I'm not familiar with the language "Go". Is it widely available on a variety of platforms? Is it available on Raspbian?

G92 would be used to set Marlin's E value to something close to the E value of the remaining fragment of gcode. This prevents the next seen E value from spitting out lots of filament. If I'm restarting a print job in the middle, I may manually extrude some filament to make sure there's fresh in the nozzle and it hasn't been "cooked". Adding a "G92 E" to the remaining gcode makes sure we start printing correctly.

My G28 and G29 commands are in the start gcode which I am assuming are not part of the remaining gcode. We are talking here about resuming printing after a failure, very much a manual process.


#14

I can answer one of my own questions... Is Go available on Raspbian? Yes, see https://golang.org/doc/install?download=go1.10.2.linux-armv6l.tar.gz

(I think that also answers "Is it widely available..." :smile: )


#15

Go is like the cool/new open-sourced C compiler, if you will. To me, it's still like magic because Go is written almost entirely in Go itself. It has a rich package landscape for adding functionality. A 200-line long program compiles to a 2MB executable, which isn't too bad these days.

So you're saying that G92 E (without a number component) at the beginning of file-two-of-two would work out. Alright, I'll try that.

I fully intent to create an automated process later on. One part of all this is that I'll need to write a watchdog plugin that will record and serialize-to-file the last line number sent to the RAMPS board. It will also create a flag file that can be used upon startup to recognize that a job didn't finish and to offer a resuming of same.


#16

Sorry, my bad. That should have been "G92 En". I originally had the "n" in angle brackets but Discourse made both the angle brackets and the n disappear and I didn't catch it.


#17

So... what should n be in this case? I would guess that it would be the last extrusion offset from the previously-executed G1 line plus whatever you extruded manually.


#18

When you split gcode with absolute E values, the first part is fine but the second part needs to know what the last E value was in the first part so the next E value will extrude the proper amount of filament.

99% of the time, you are splitting a perfectly good gcode file because something went wrong and various manual actions have taken place fix the problem and to arrive at where the split should be. The firmware is pretty good about recovering X, Y, and Z but E not so much.
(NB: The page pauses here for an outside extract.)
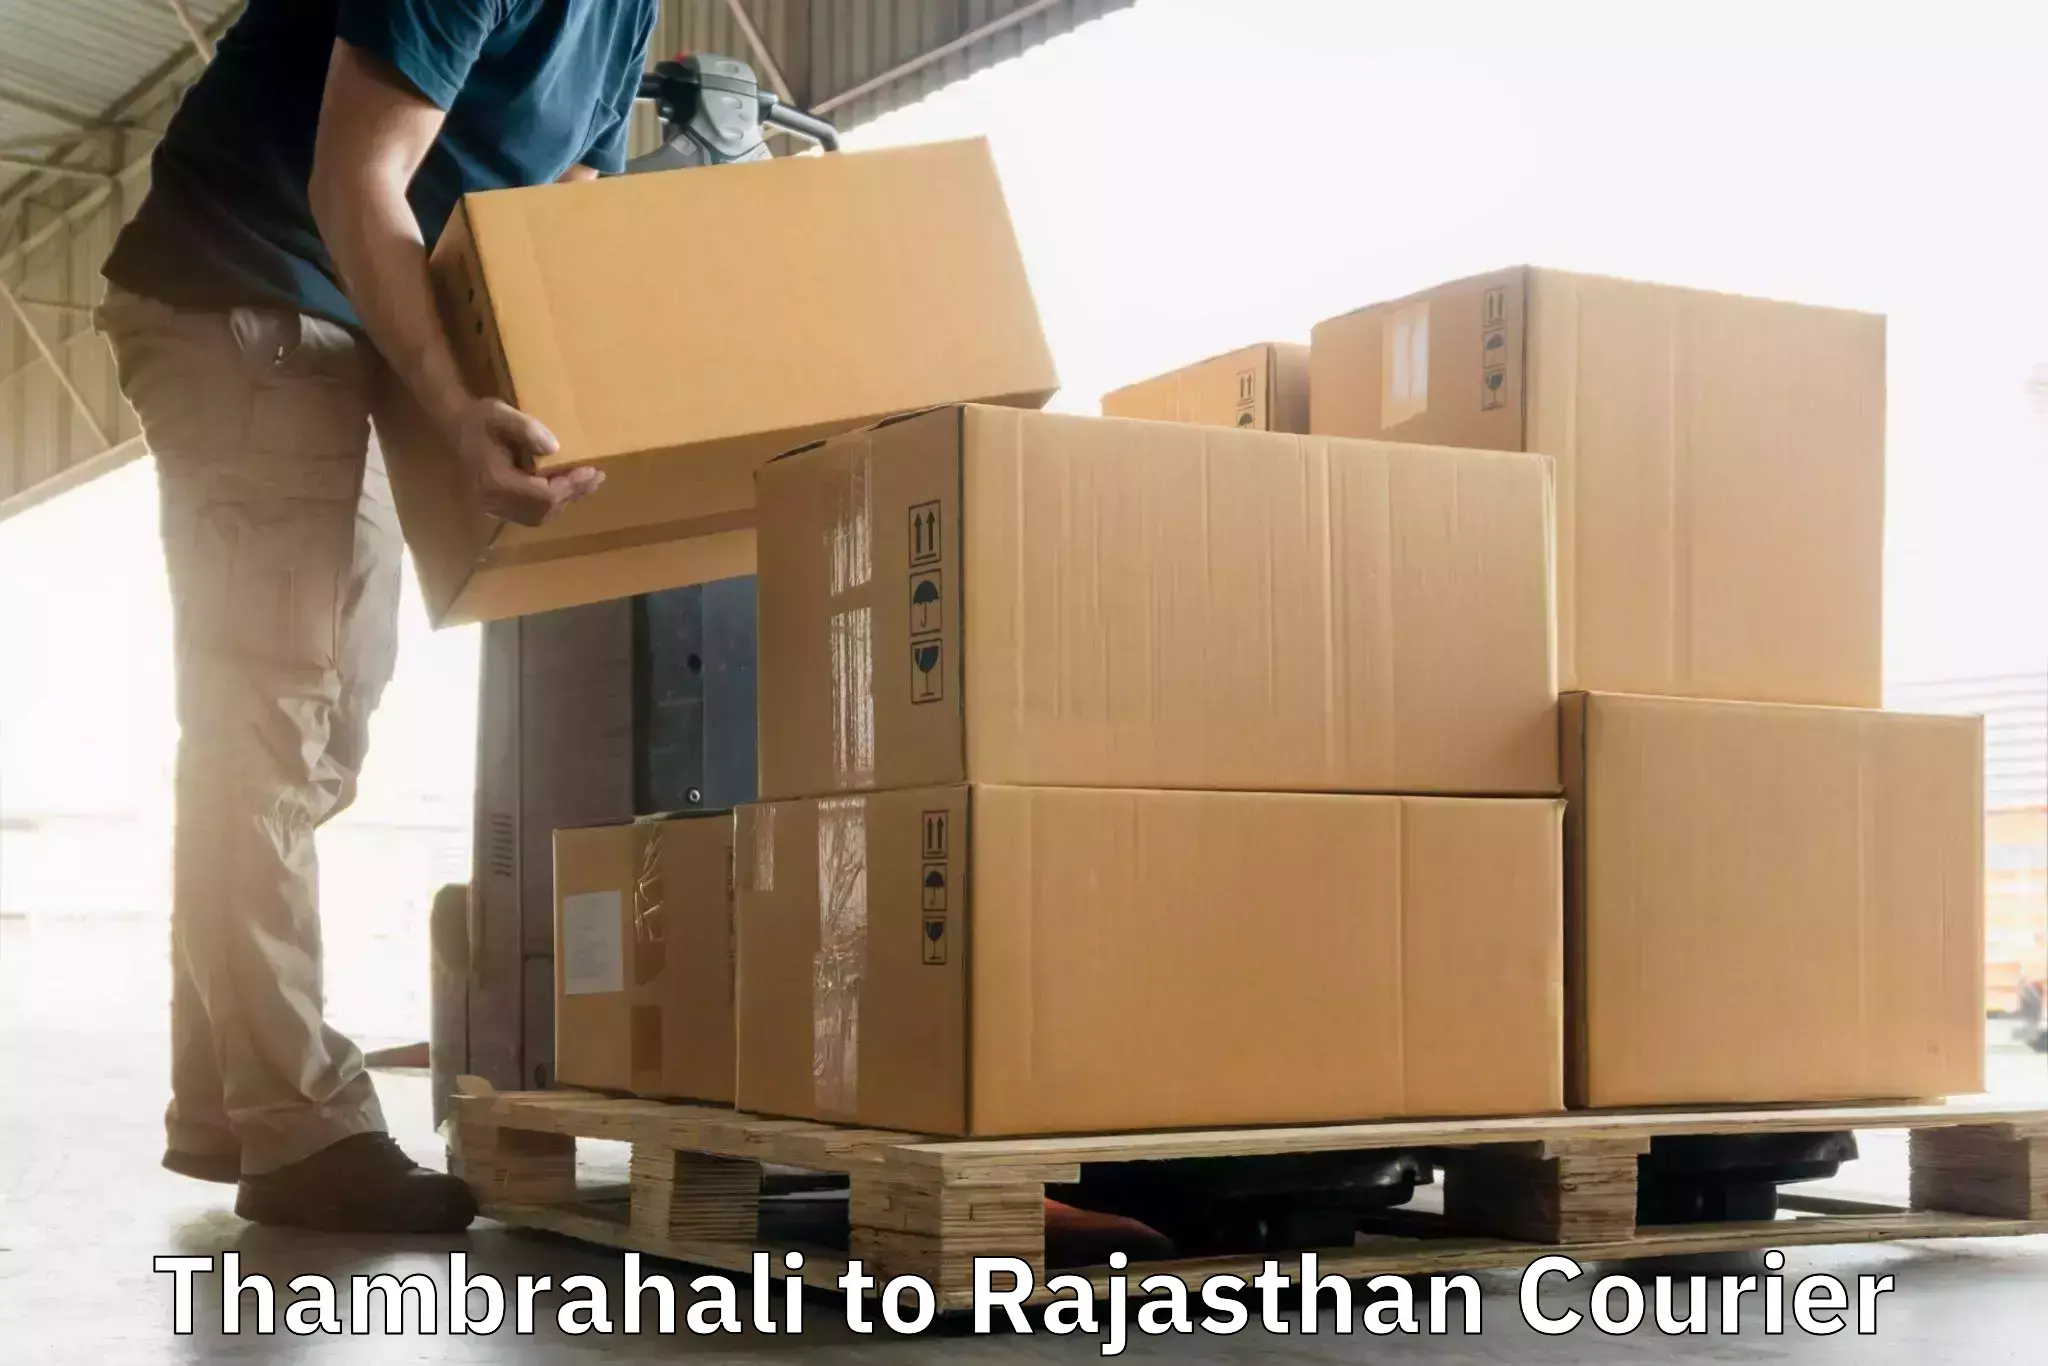 Global shipping solutions Thambrahali to Nainwa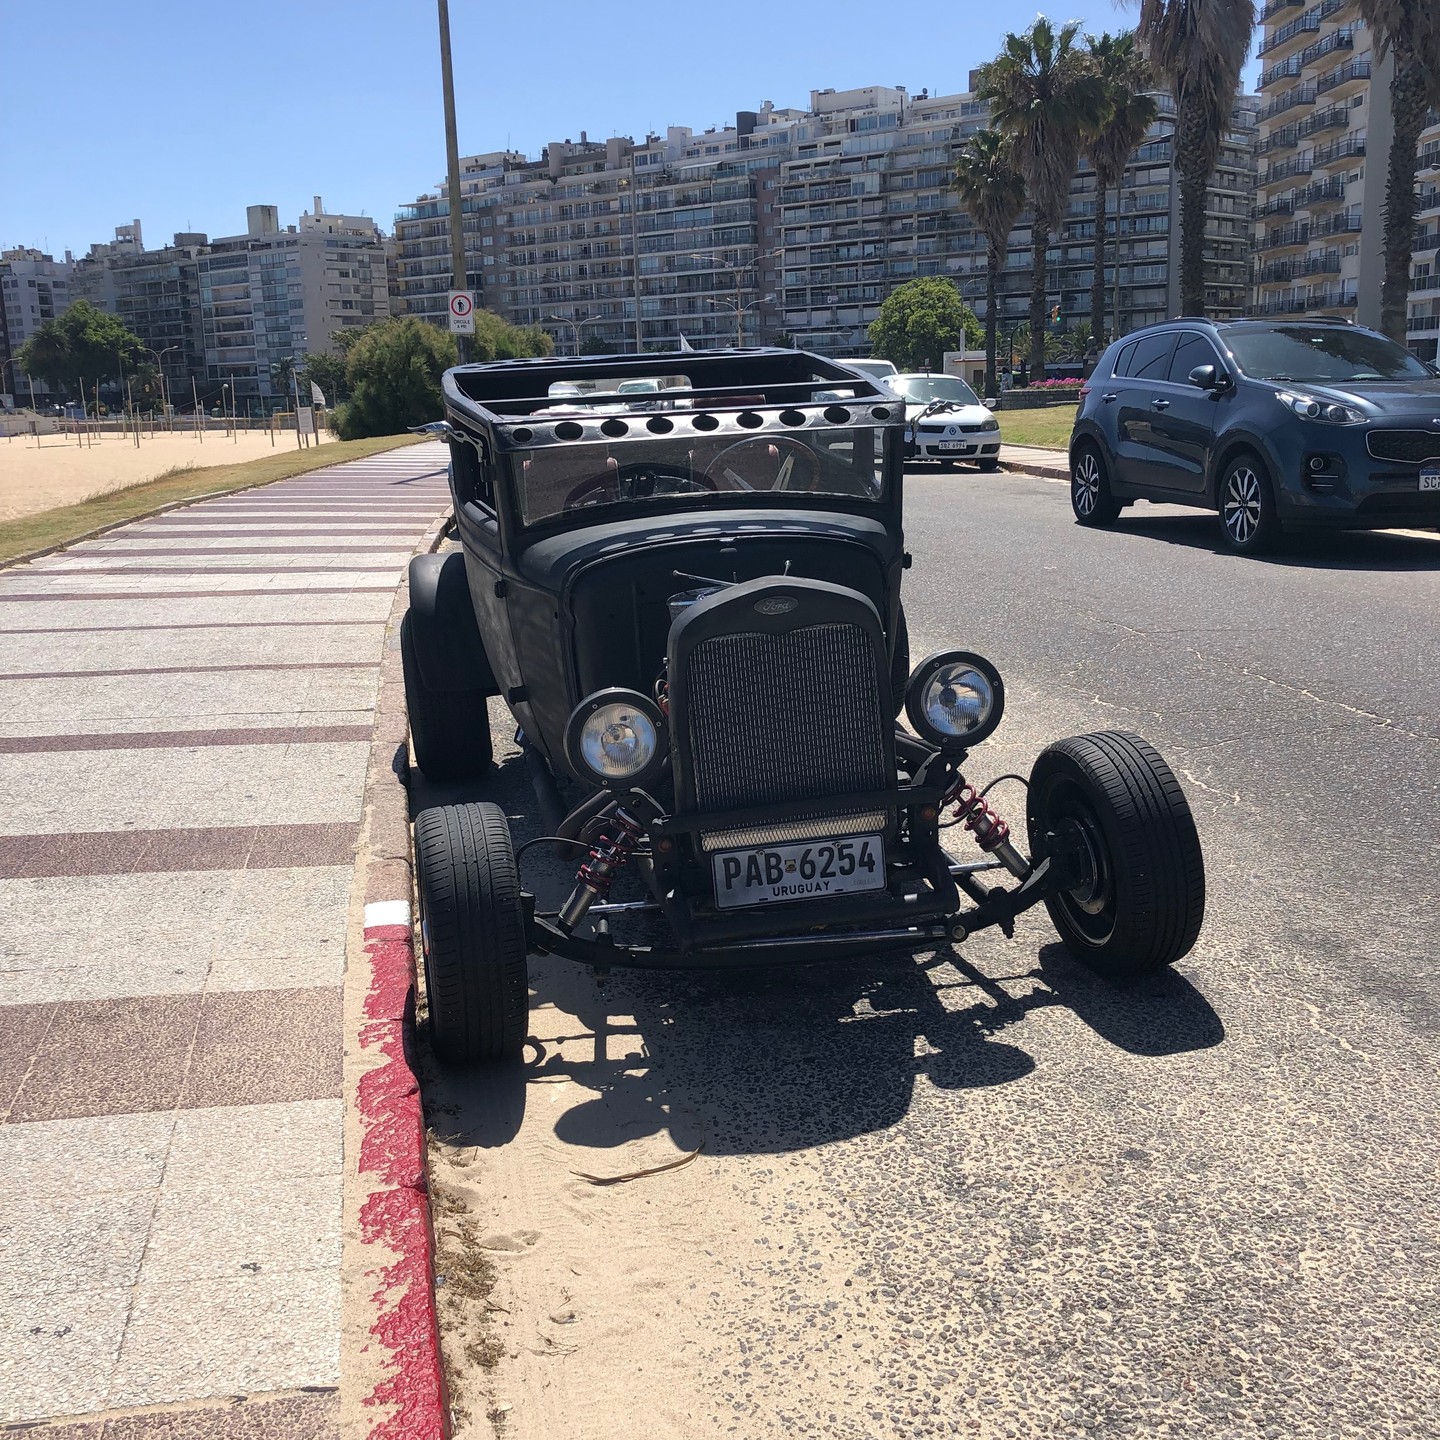 Für alle die auf alten Autos stehen, das Fundstück ist mir in Montevideo ins Augen gesprungen. #montevideo #uruguay #travel #reisen #unterwegs #fun #auto #autos #oldtimer #oldtimercar #schmuckstück #amstrand

If you manually played with the filament (I always do) then you need to tell the firmware where its E value should be. G92 En moves the E value without moving the filament.

If your gcode has relative E values, then the split is the same, but no matter where the filament has been moved to manually, the next G0 or G1 with an E value will just extrude "that much more" filament.

By adjusting the E value with a G92, you are essentially "erasing" all of the manually executed filament moves. How much or how little was extruded (or retracted) manually doesn't matter. What matters it what the firmware is going to do with the next E value it sees on a G0 or G1 command.

Does this explain it better?


#19

The relative-E paragraph is easy enough to follow.

Regaring absolute-E and assuming that the printer hasn't been shutdown/restarted, something internally like the RAMPS board ought to have an extrusion offset/audit running and will know what it last did.

So now, let's say you like to extrude 10mm to prime the pump and to push the cooked filament, fair enough. Is your next command then near the top of file-two G92 E10 or something else?


#20

I guess we need an example... I'll work one up and post it later tonight or tomorrow.